With respect to a fair judgment of such a drastic action taken by the Government, there are two sides to the coin: There is an enormous amount of tax evasion money hoarded by billionaires and big companies that could be used to provide funds for urgently needed public infrastructure and education investments.

On the flip side there were serious short to medium term disruptions to the economy and millions of casualties – so to speak – among the poorest of the poor…

While according to RBI around 60% of banned currency had been replaced by Mid-January, the maximum amount of daily cash withdrawals per person over a certain period continued to be limited in early 2017.

Based on a report by the BBC in January 2017 it appears, that the short term impact of demonetization on certain sectors of the Indian economy such as farming, textiles (in particular the small weaving enterprises India is famous for) or the millions of day-laborers initially was quite devastating.

However, from what I have read in the press since then life has returned to normal.

It looks like some of the goals that the government wanted to achieve have been missed.

Corruption and a „black economy“ continue to be a problem in India as it turned out that they do not solely rely on cash payments.

Also, for the newly introduced 2,000 rupee notes counterfeits began emerging almost as soon as the legitimate ones were minted.

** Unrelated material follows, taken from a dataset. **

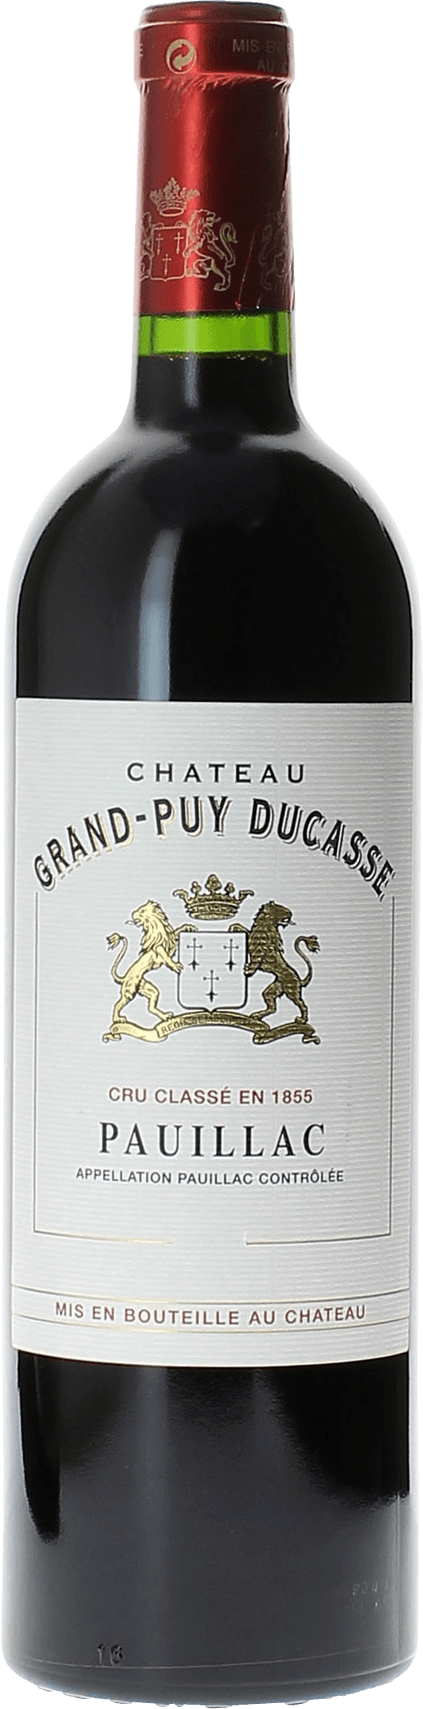 Grand puy ducasse 1993 5 me Grand cru class Pauillac, Bordeaux rouge

However, the Government was able to coerce Indian people into opening up bank accounts and using digital forms of payments like bank transfers, debit cards, and e-wallets.

Therefore, clearly, the winners are companies (like banks) who provide non-cash payment services and produce the necessary products and equipment.

Now, interestingly enough, at the time I saw many one or two pages sized advertisements for e-wallets or debit cards published by these companies in India’s daily newspapers just in the morning after the Prime Minister’s surprise TV announcement of the evening before.

Oh boy, that was quick.

Well, it’s all about timing. And information, of course.